There aren't many movies that tackle "deep future" very well - a time so distant, society and culture have evolved to the point where they are only vaguely recognizable. Logan's Run is one, as is Lynch's Dune, and for pure eyecandy, the Fifth Element - just ignore the plot, and enjoy the cityscape.

Lang's Metropolis probably fills the bill, as do the various versions of H.G. Well's Time Machine that deal with Morlocks and Eloii.

As you may have noticed, most of these are based on excellent source material - only Lang is working from an original vision. Things that far ahead are tough to conceptualize, and usually beyond the powers of a film-maker (see: Zardoz).
posted by Slap*Happy at 9:49 PM on December 5, 2010 [1 favorite]

Pandorum was set in far future, after Earth failed. The mutants and what not was fairly b-grade, and straight forward. But I found myself often thinking about the bigger story. I would also have loved to watch a movie that started exactly where Pandorum stops.
posted by lundman at 10:05 PM on December 5, 2010

Moon (2009) would be perfect for you -- it's a slow, thoughtful movie which explores the intersection between people and technology. The year isn't specified (unless I missed it), but the technology level and certain implied social changes definitely put it in the "future movie" category. Incredible acting by Sam Rockwell in this, also; just don't go digging too deep before you see it, as it's a much better movie if you haven't been spoiled, and the trailers give away too much.

I almost hesitate to recommend Equilibrium after that one, but it's still a fun future-dystopian action film... it's about a society which has outlawed war by outlawing emotions, a la Prozac meets Fahrenheit 451. If nothing else, you'll enjoy the ridiculously awesome fight choreography.
posted by vorfeed at 11:50 PM on December 5, 2010 [2 favorites]

Just remembered - Miyazaki's early work with Studio Ghibli dealt with post-apocalyptic deep future.

Nausica and the Valley of the Wind definitely fills the bill, being 1000 years in the future from an apocalyptic nuclear war, and Castle in the Sky is set long after the fall of a civilization capable of building flying cities. There is a magical element to both, but it's strongly hinted that it's the faint remnants of massively advanced technology, a'la Clarke.

Both films are excellent, and while Nausica was based on a manga series of the same name, Castle in the Sky is an original work.
posted by Slap*Happy at 5:11 AM on December 6, 2010

All Books I'm afraid:

Sister Alice - Robert Reed - I've only read part of this in Analog, but it's about as far future as one could ask.

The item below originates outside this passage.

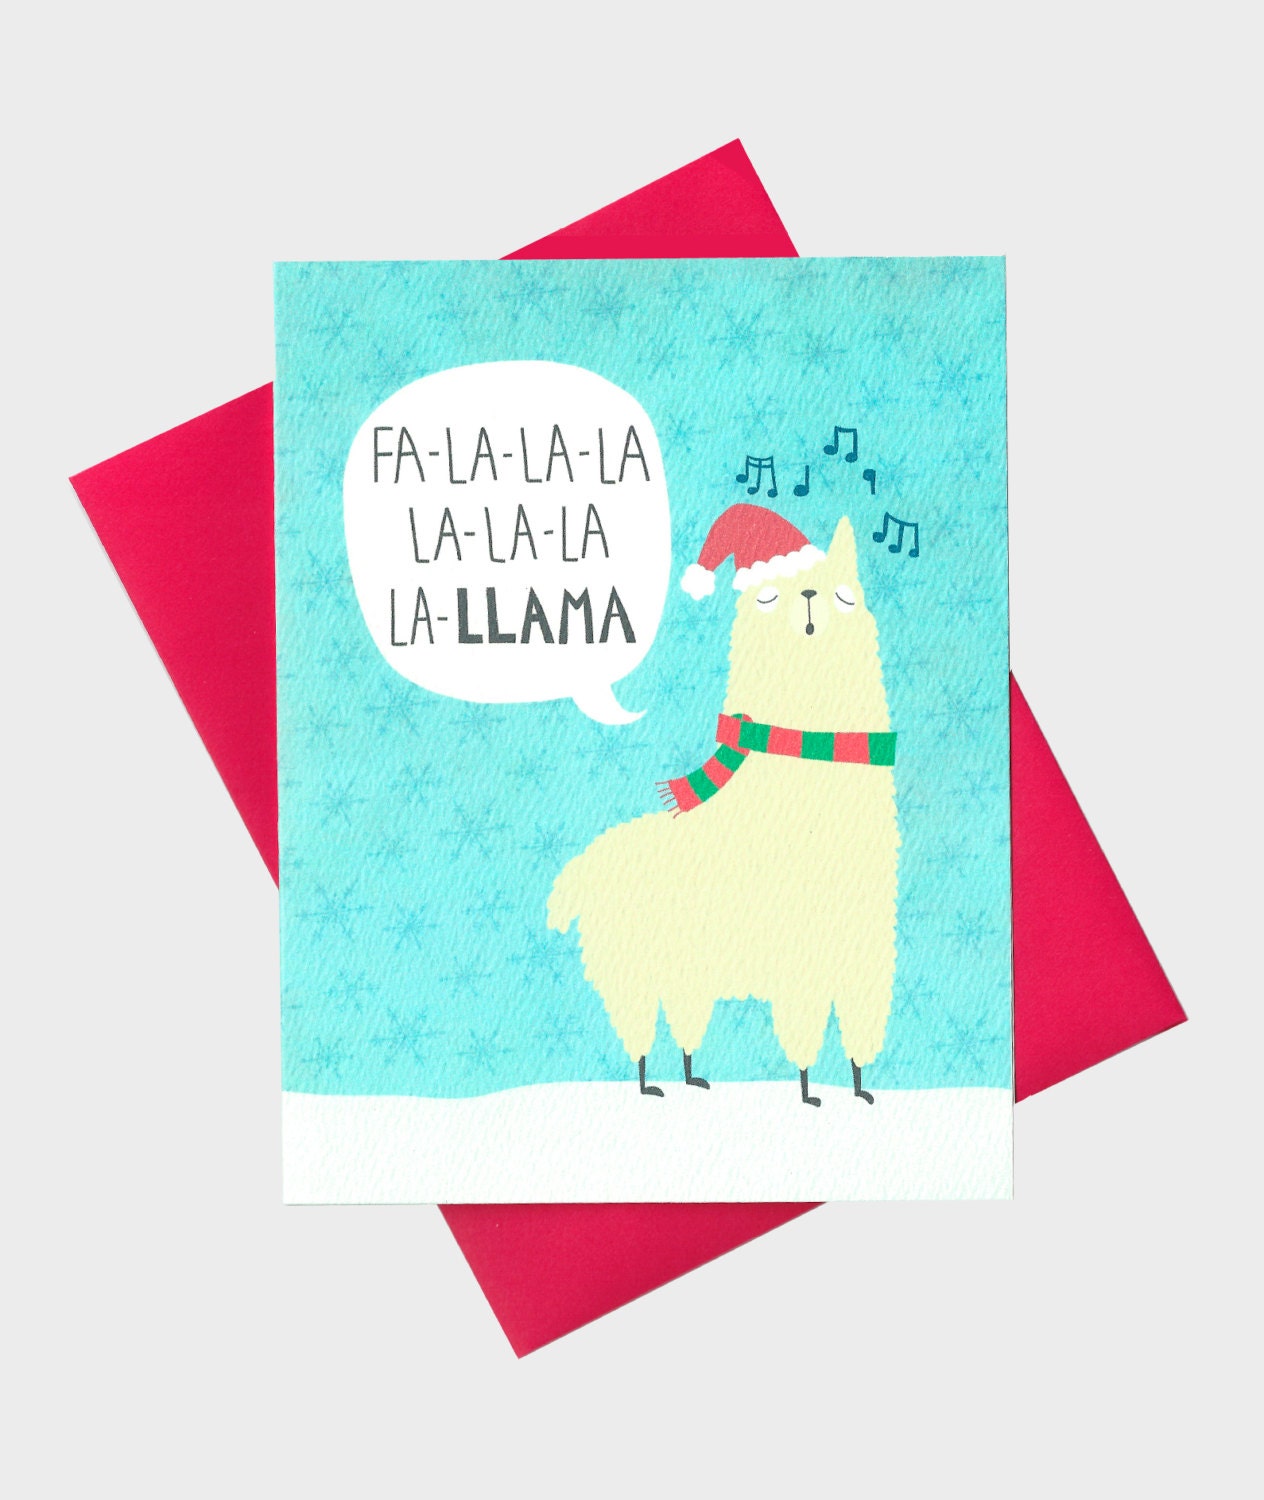 llama on holiday

Kiln People - David Brin - a new technology that allows people to map their minds onto golems - cheap short-lived constructs, sometimes with special abilities built into them - and then upload the experiences of those constructs back into their own minds at the end of the day. Needless to say, this changes the order of things.

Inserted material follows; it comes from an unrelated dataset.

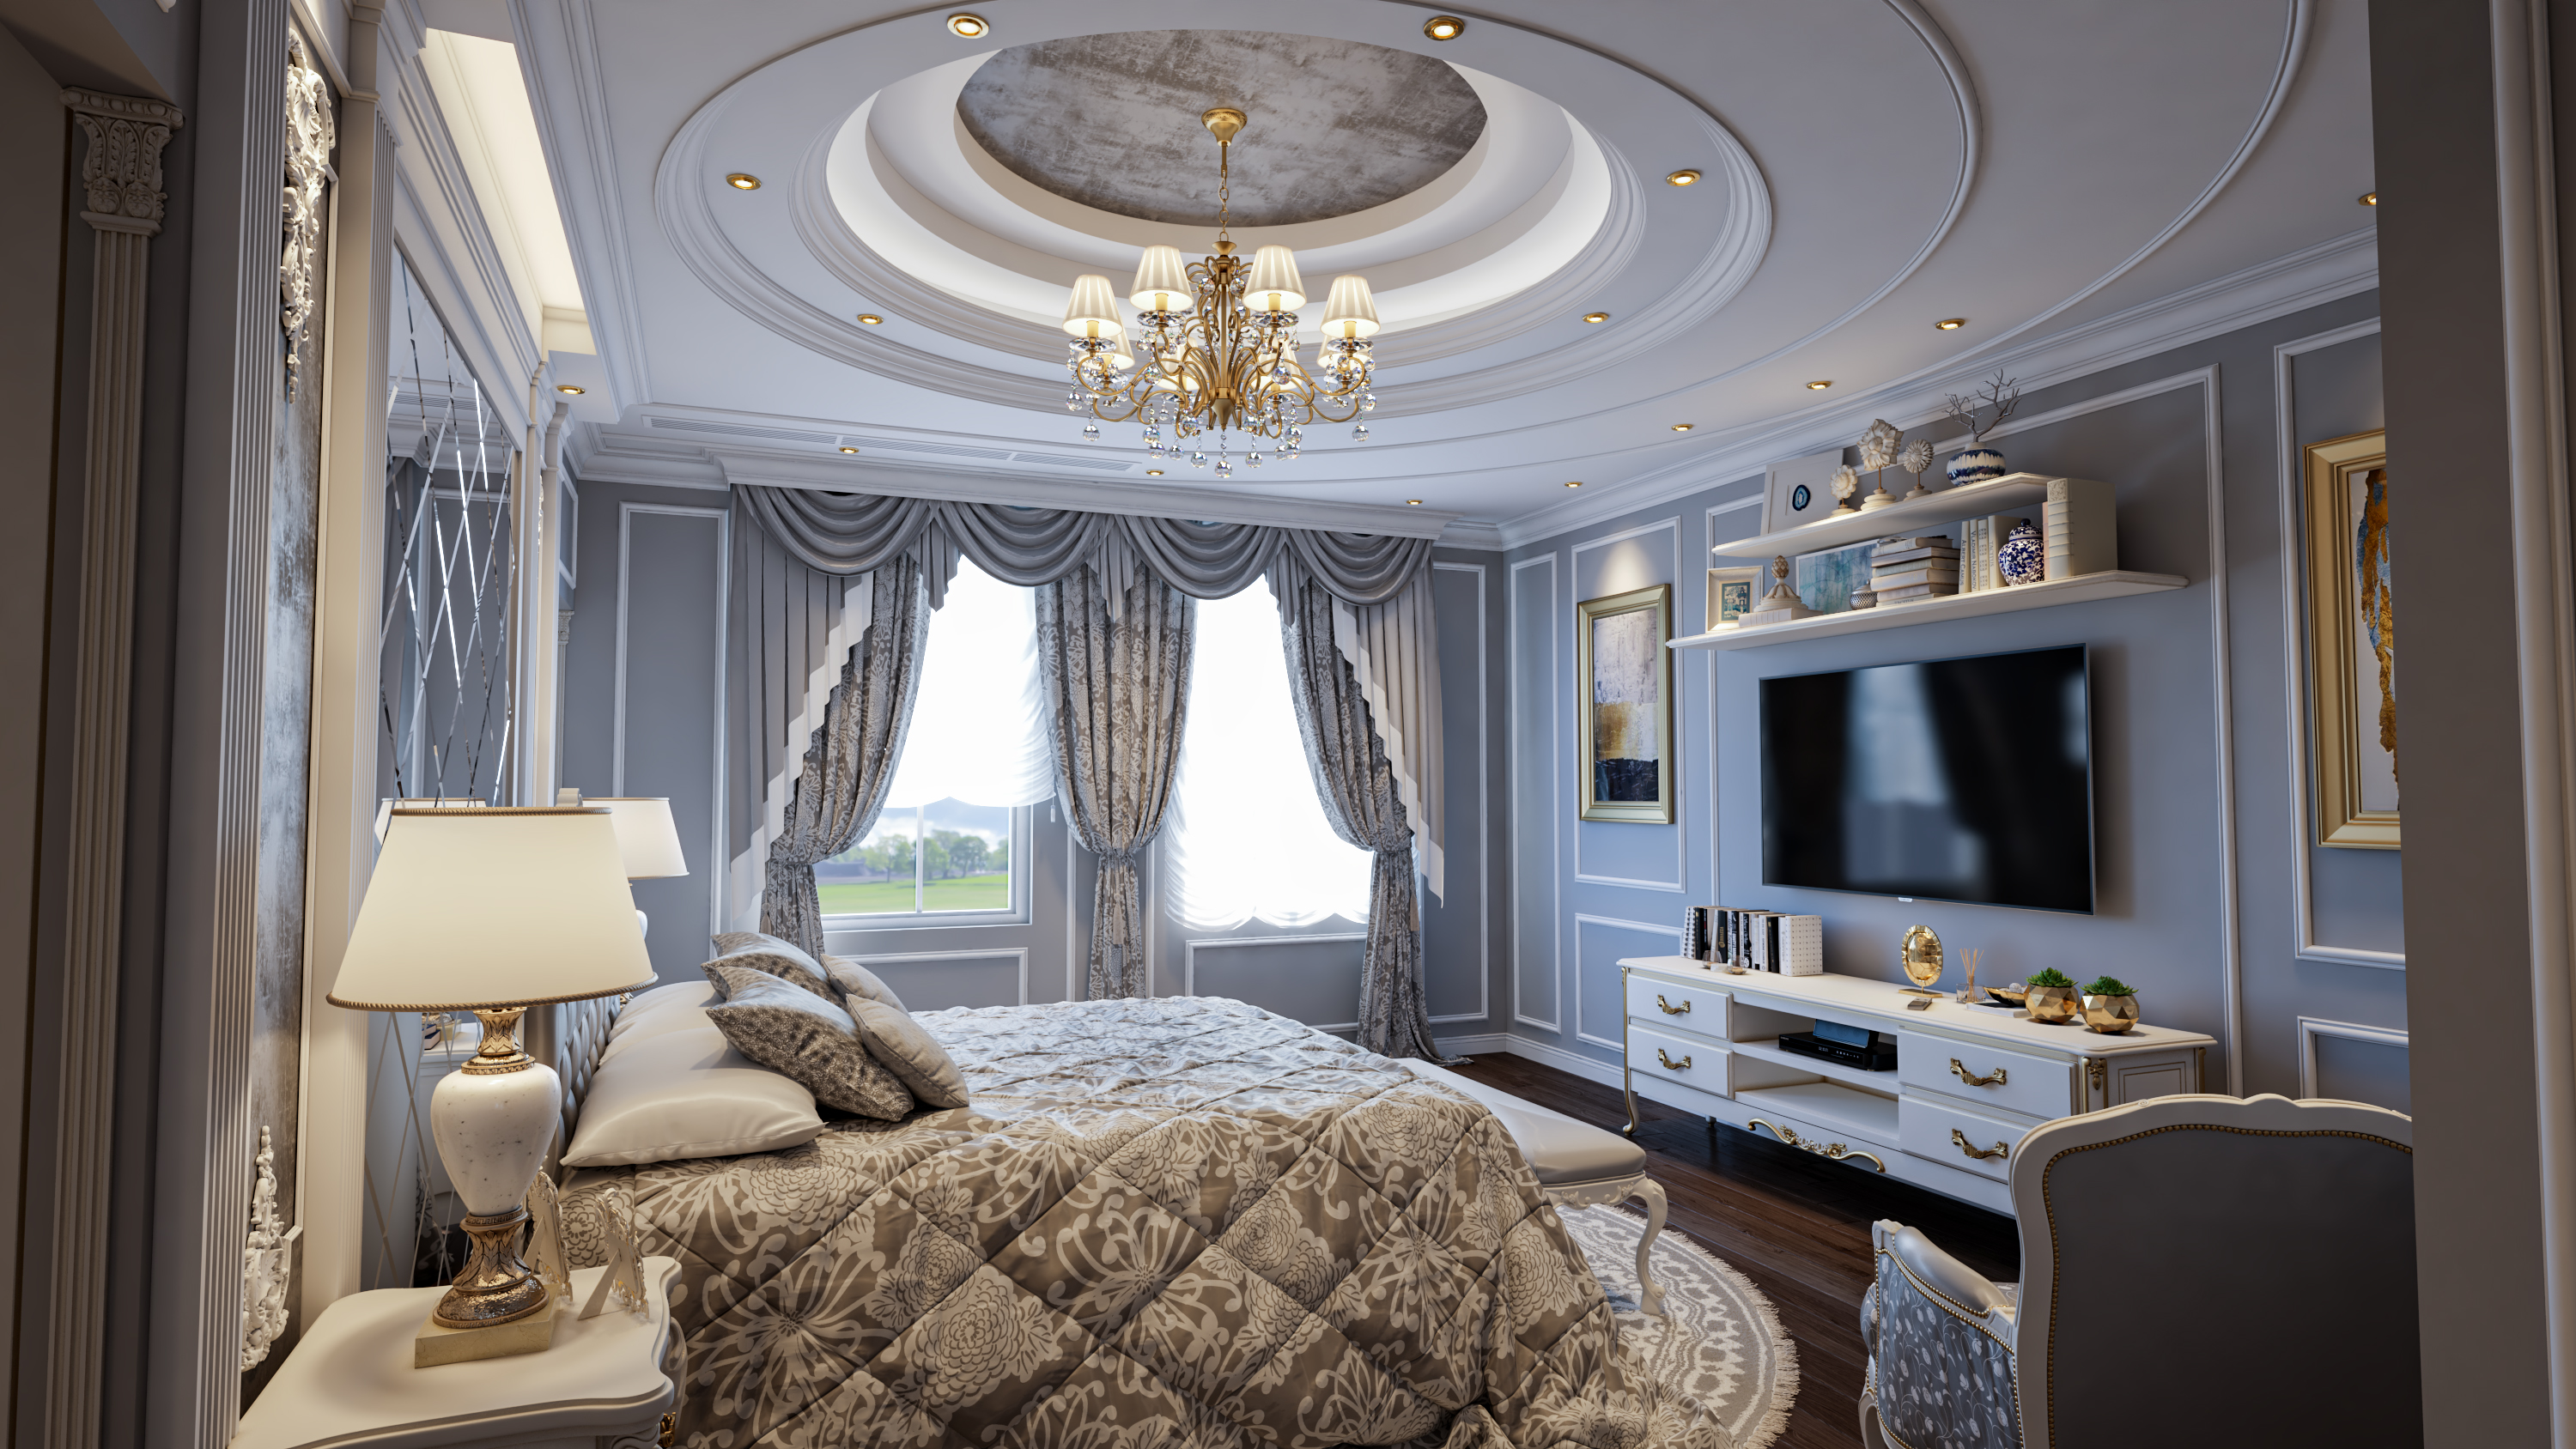 Camera da letto matrimoniale grigio e bianco in 3d max vray 3.0 immagine

Marooned in Realtime, A Fire Upon the Deep
- Vernor Vinge - Marooned is a murder mystery, well, two mysteries really since in addition to the murder there's the question of where did the human race go? It's where Vinge seriously plays with the notion of a technological singularity. (Get Across Realtime as Marooned will sort of spoil the prequel.)

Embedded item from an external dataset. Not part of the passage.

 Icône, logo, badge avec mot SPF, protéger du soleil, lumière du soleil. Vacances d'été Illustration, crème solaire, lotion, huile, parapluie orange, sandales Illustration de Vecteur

Fire is more like your classic space opera with a galaxy wide multi-species civilization that keeps in touch via a wicked satire of usenet.

I'll add more as I think of them.
posted by Kid Charlemagne at 6:17 AM on December 6, 2010

Response by poster: Thanks for all of the suggestions! I actually got to see Moon in theater, and I quite agree- not something to be spoiled. And it definitely fits the category, though I hadn't thought of it. And Gattaca, which of course fits perfectly and I also hadn't thought of despite having seen and enjoyed it.

Metafilter: a pathetic, Beckettsian landscape.
Dudley Moore, Peter Cook and post-apocalyptic Britain? Must. watch.

Also, I loved Children of Men- well, the original book, anyway. I've held off watching the movie for that reason, even though everything I've heard suggests it's good.

Anyway, thanks- very helpful indeed!